TASK DETAILS:
Strip the pictures, then copy the remaining data exactly as it stands.

DATASET EXCERPT:
————————

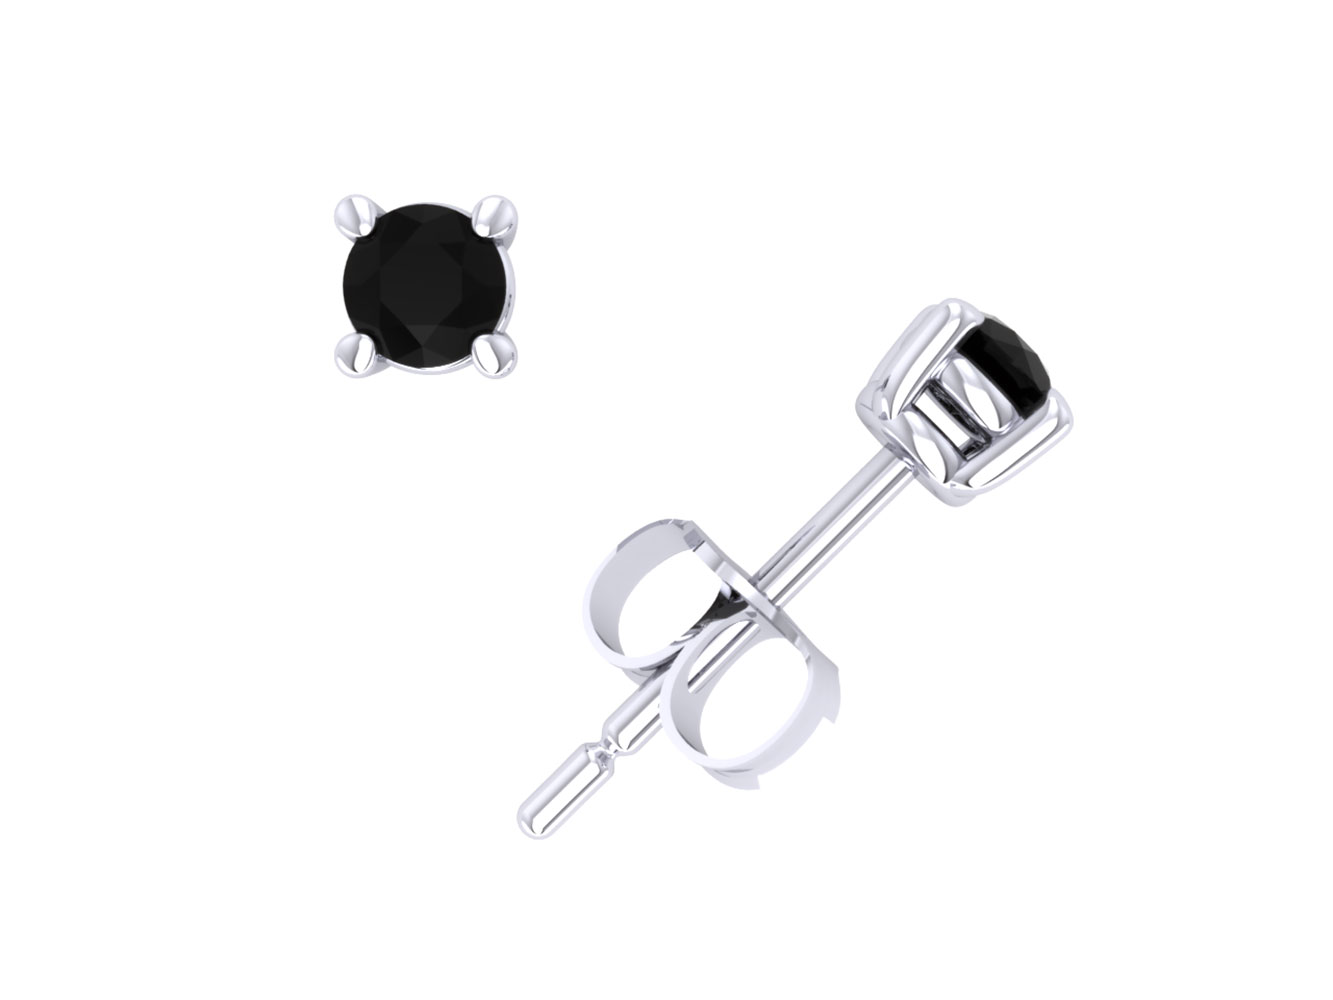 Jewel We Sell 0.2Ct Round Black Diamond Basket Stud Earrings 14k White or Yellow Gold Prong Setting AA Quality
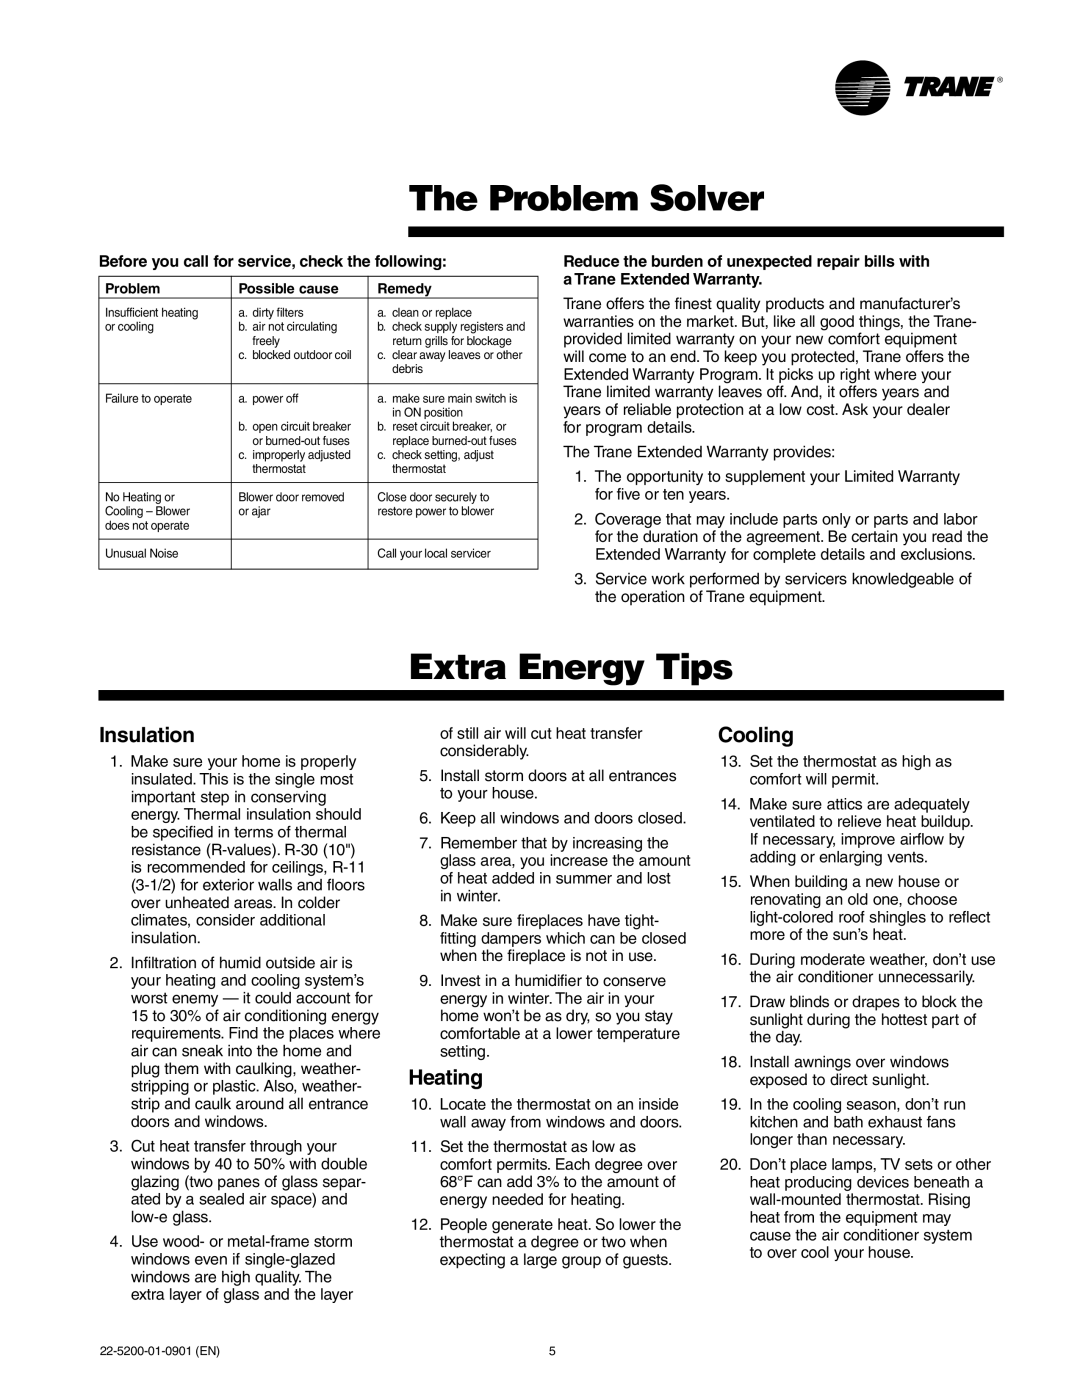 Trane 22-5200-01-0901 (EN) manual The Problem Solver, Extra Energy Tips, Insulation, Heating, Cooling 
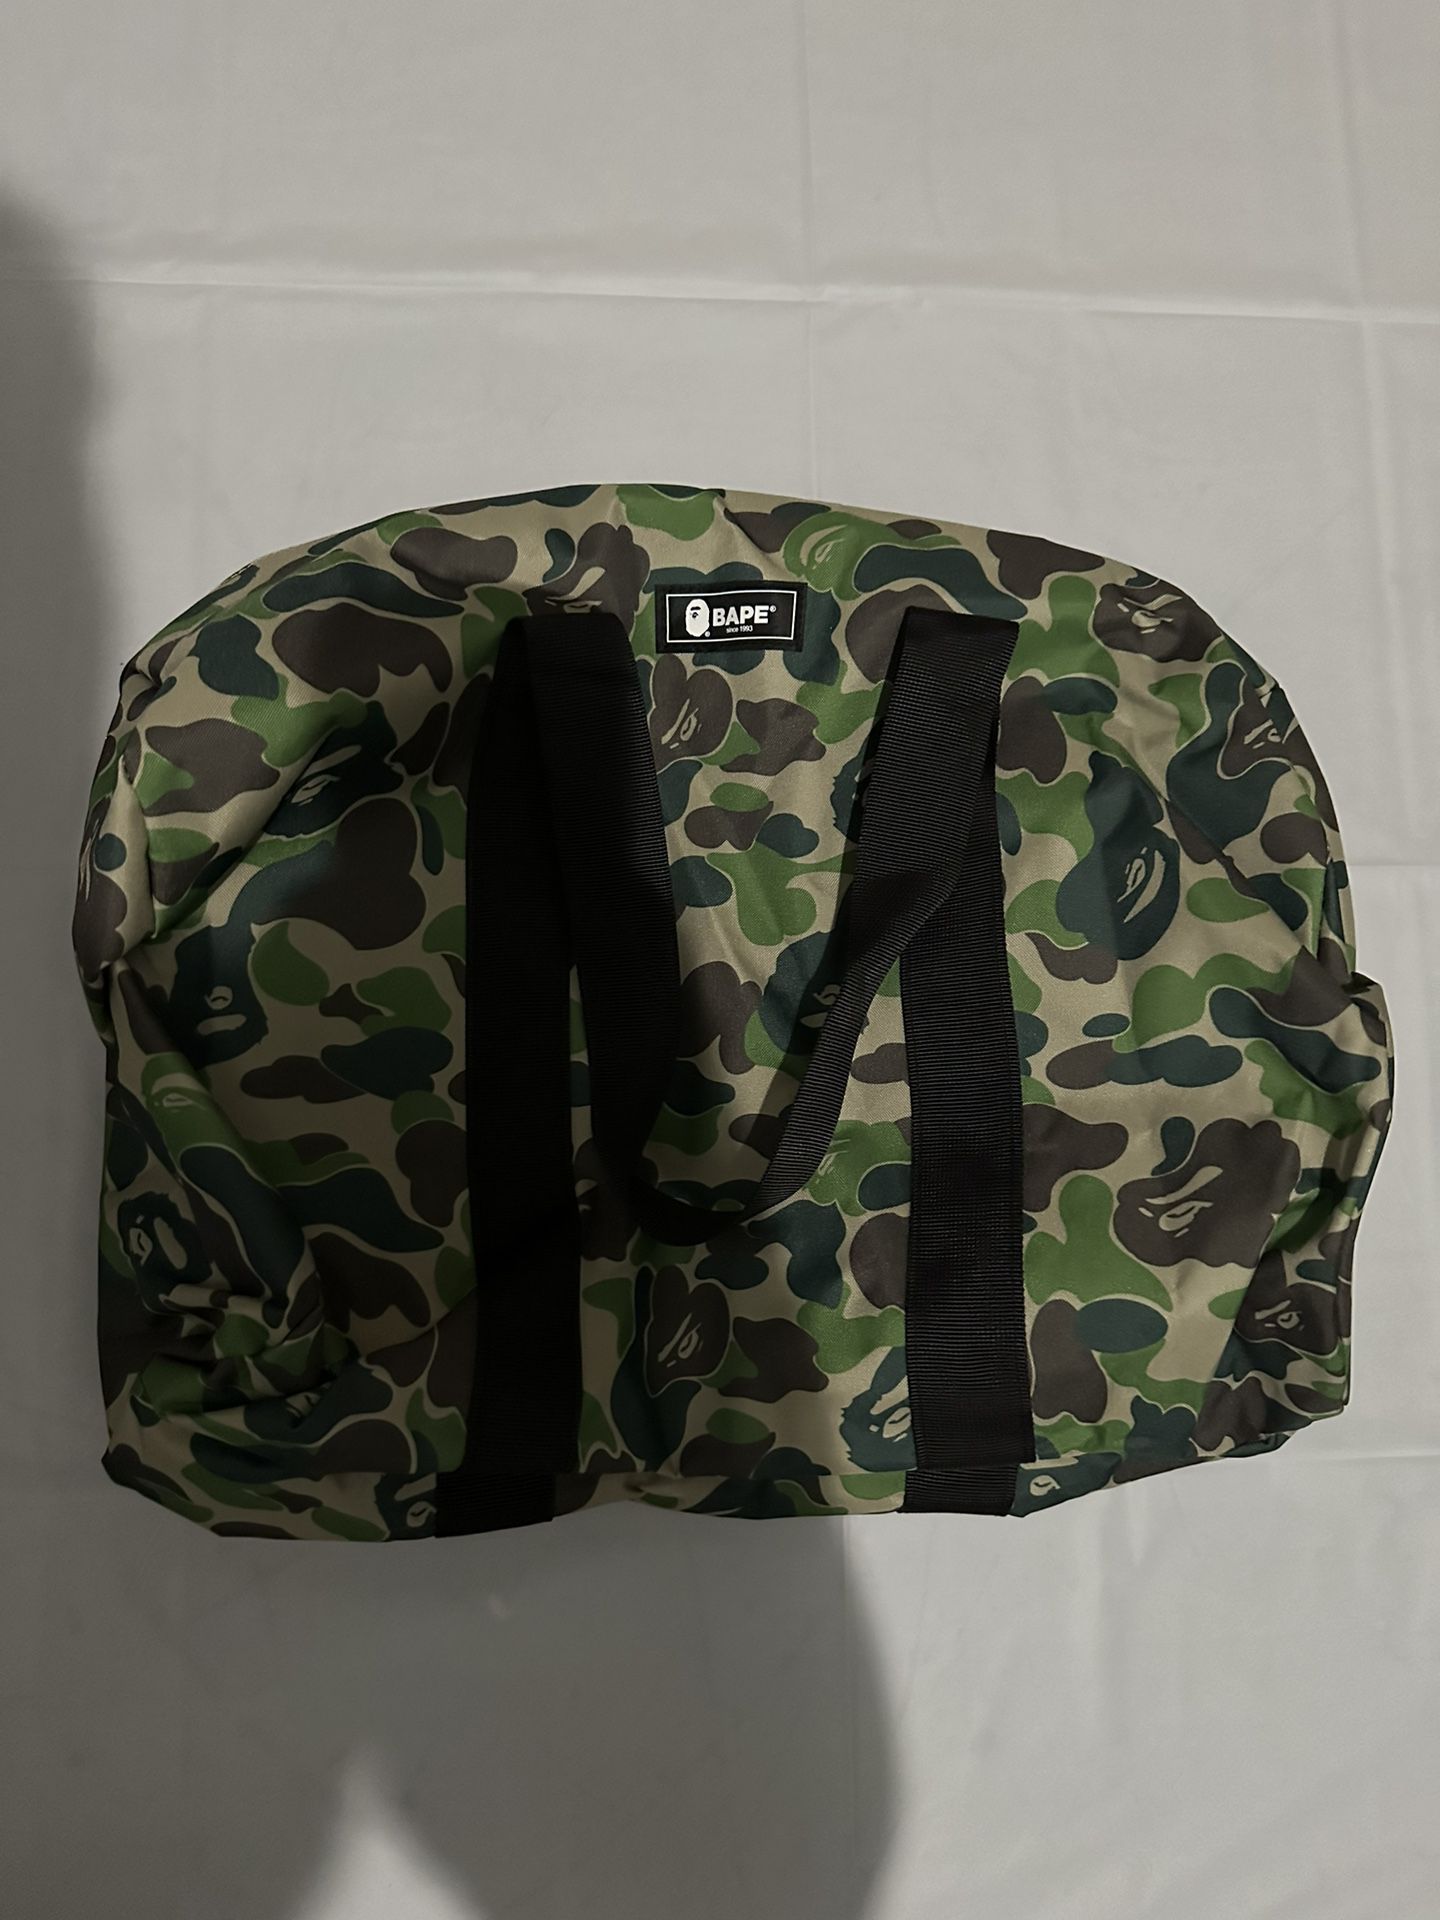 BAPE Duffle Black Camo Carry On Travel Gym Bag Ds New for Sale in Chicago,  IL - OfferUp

————————

WORKED SOLUTION:
 Jewel We Sell 0.2Ct Round Black Diamond Basket Stud Earrings 14k White or Yellow Gold Prong Setting AA Quality
 Trane 22-5200-01-0901 (EN) manual The Problem Solver, Extra Energy Tips, Insulation, Heating, Cooling 
 BAPE Duffle Black Camo Carry On Travel Gym Bag Ds New for Sale in Chicago,  IL - OfferUp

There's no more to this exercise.